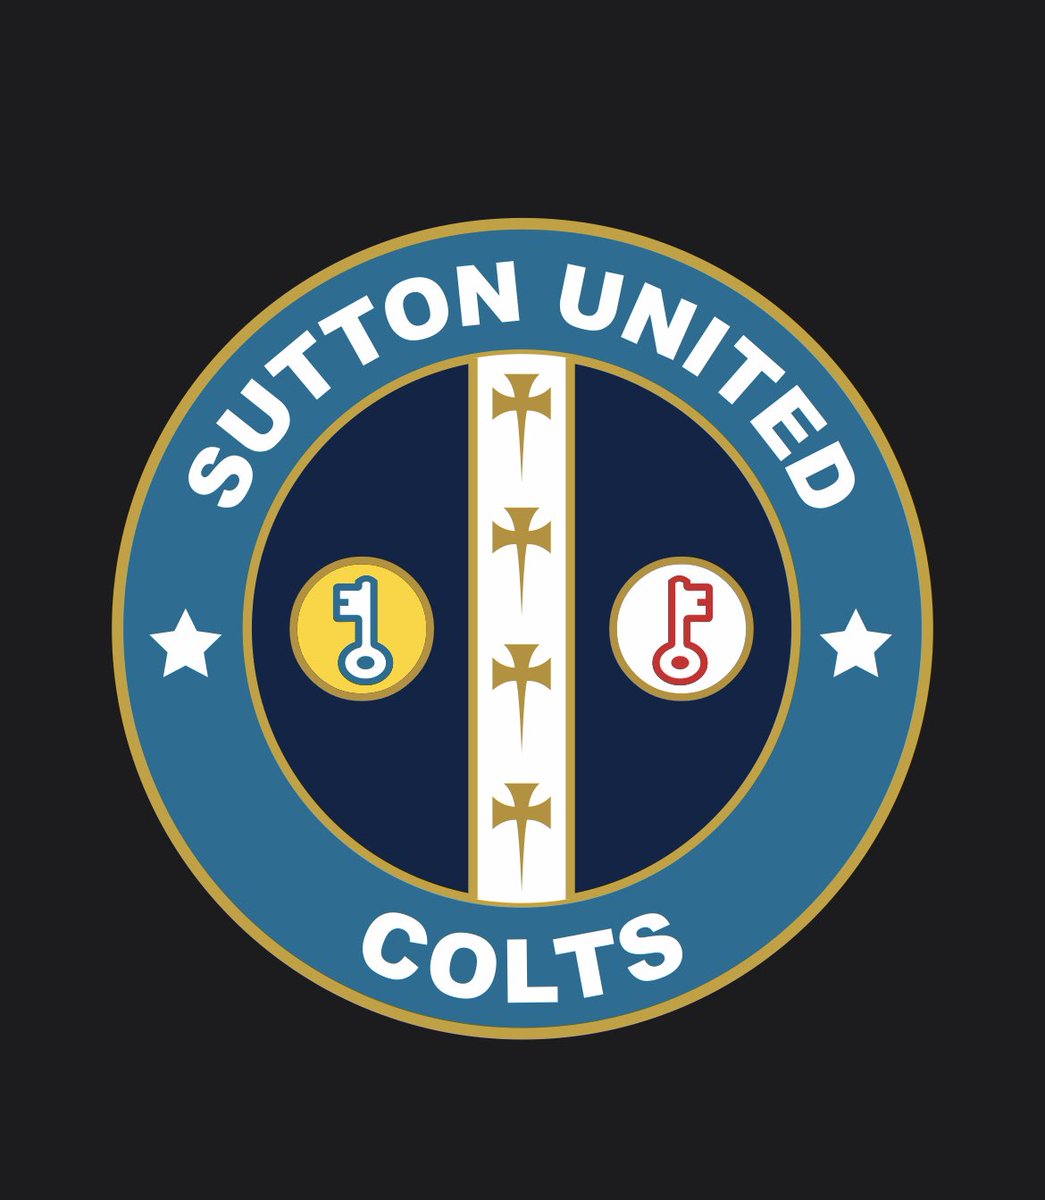 ASSISTANT MANAGER VACANCY
Our U15 team for the 24/25 season are looking to recruit an experienced Assistant Manager.The team play in the Premier Elite division Training is a Wednesday evening and games on a Sunday. To register your email andy.harris@suttonunited.net @suttonunited
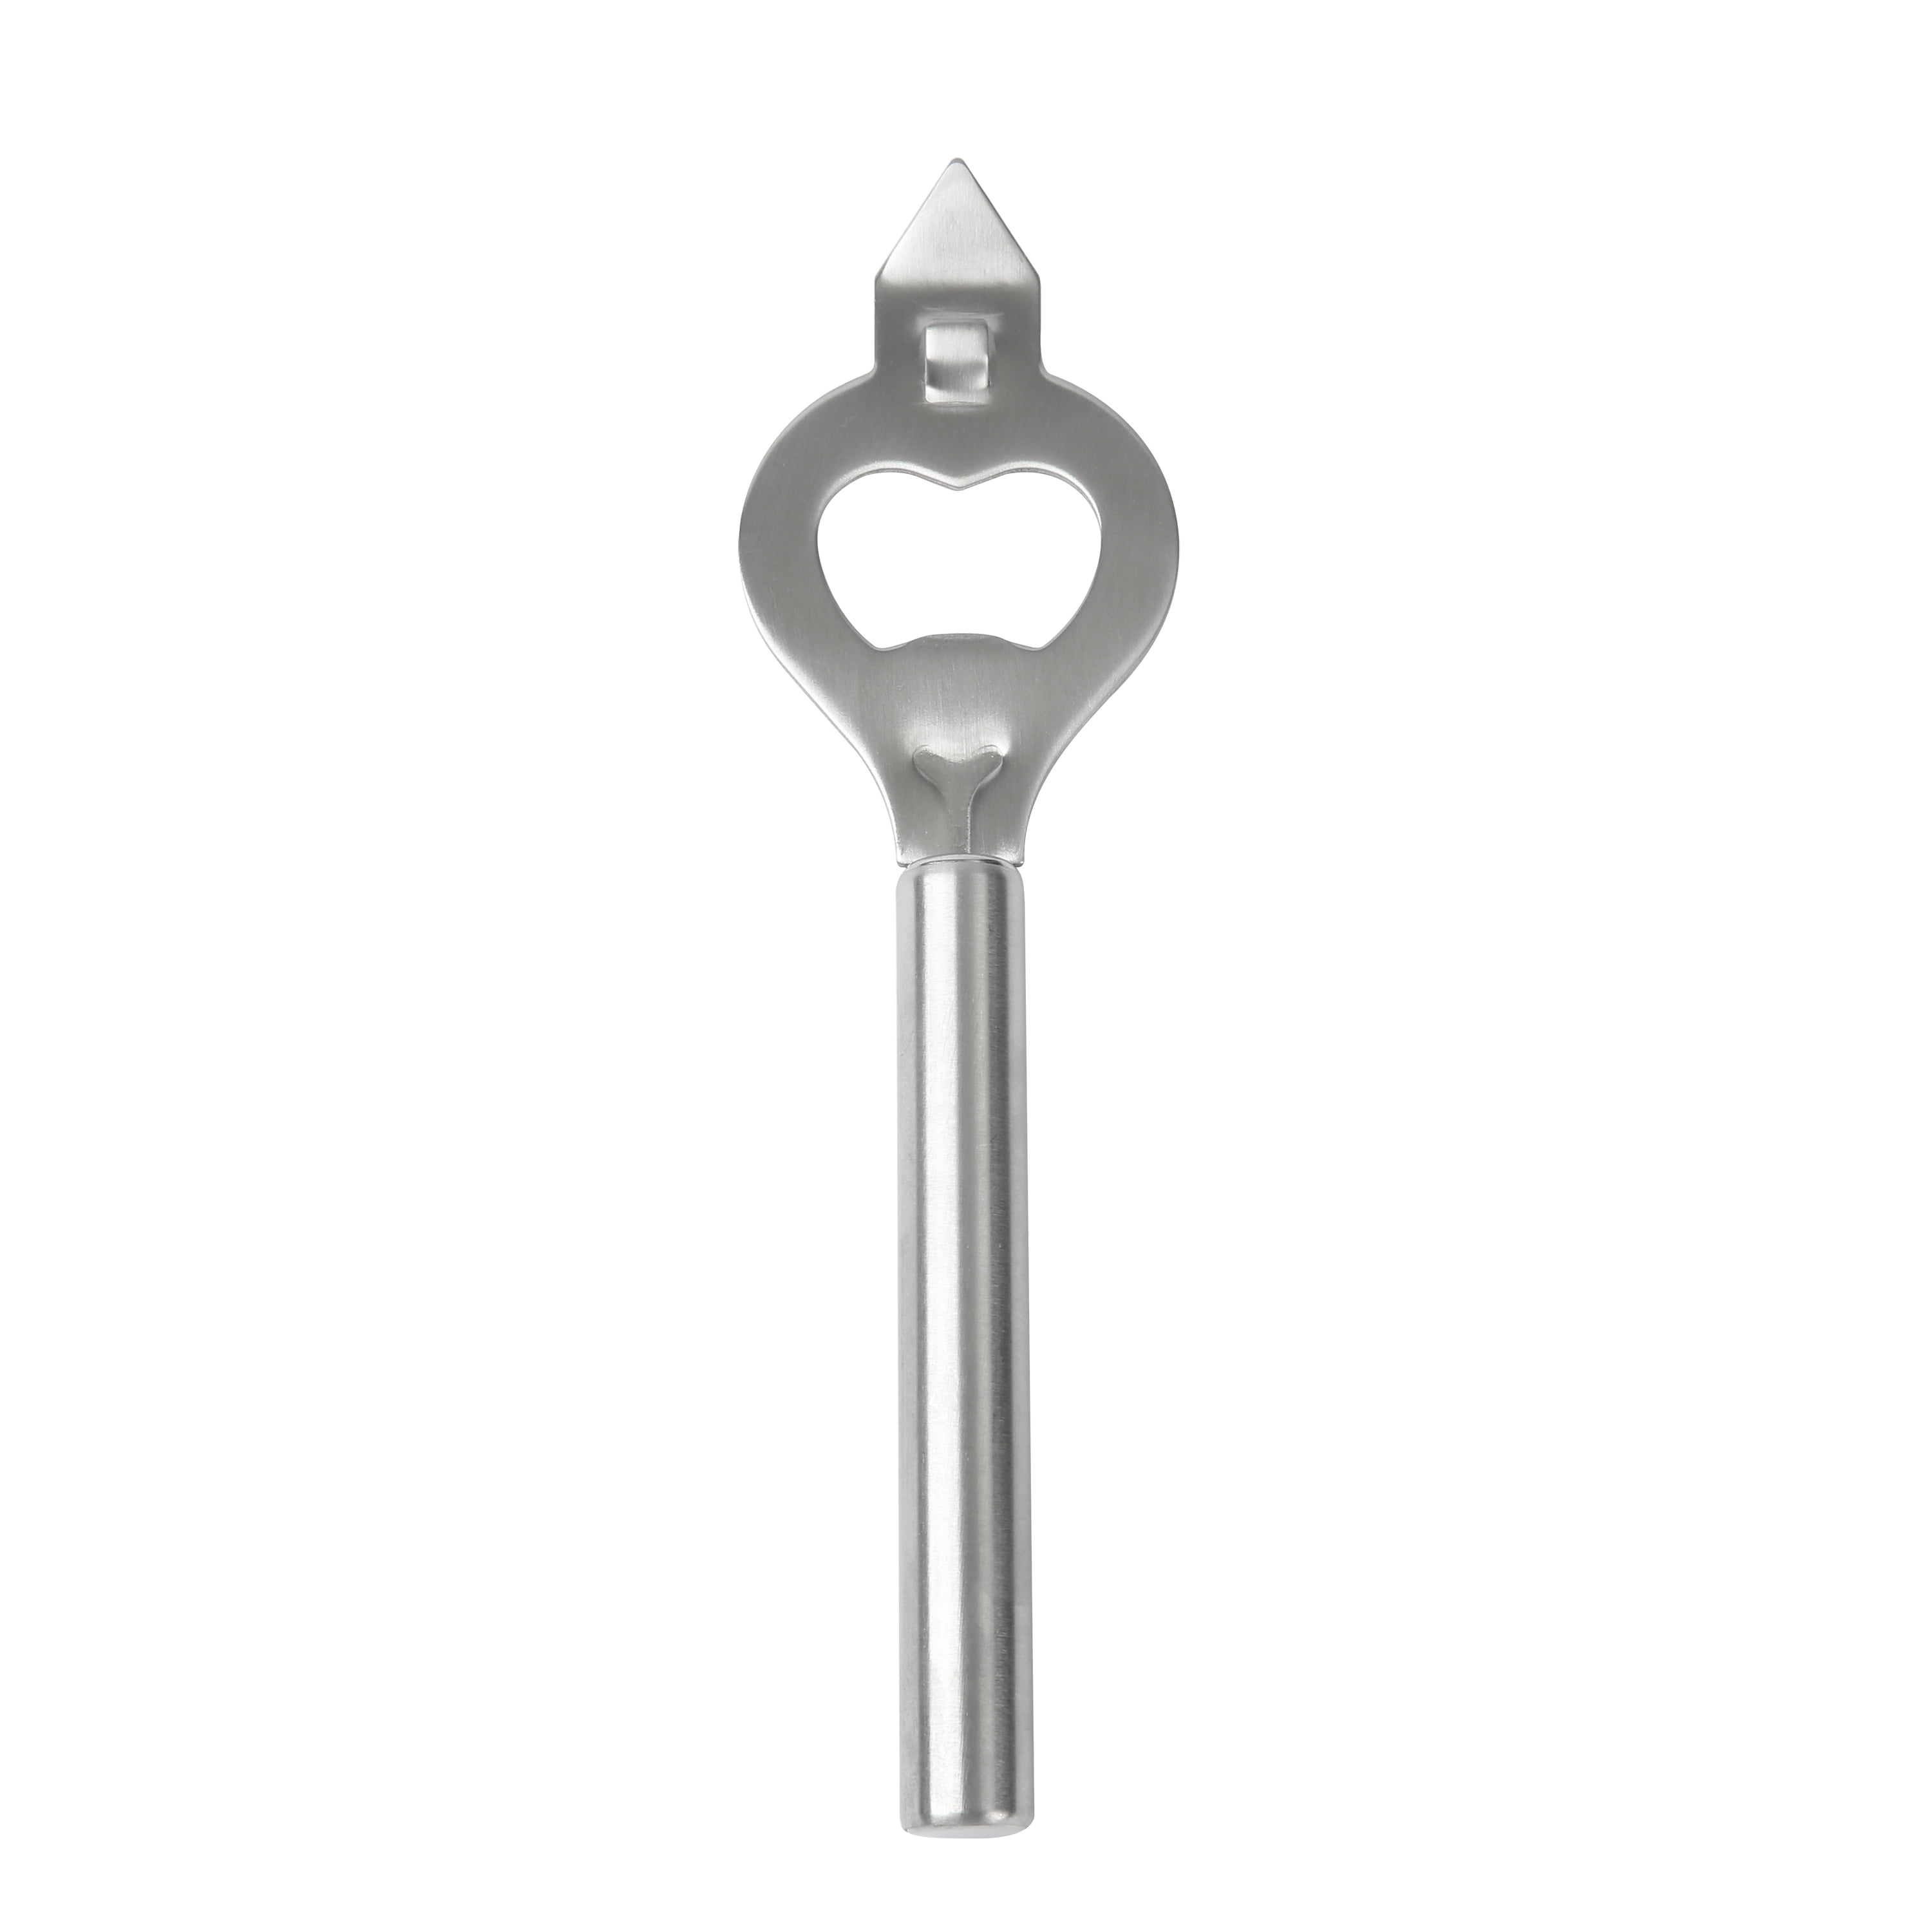 Choice 4 Church Key Can and Bottle Opener

What you have to do
From the line containing "Our U15 team" through the last line of the data above, write out every line word for word, and nothing else. Do not include the pictures.

Output for this exercise
Our U15 team for the 24/25 season are looking to recruit an experienced Assistant Manager.The team play in the Premier Elite division Training is a Wednesday evening and games on a Sunday. To register your email andy.harris@suttonunited.net @suttonunited
 Choice 4 Church Key Can and Bottle Opener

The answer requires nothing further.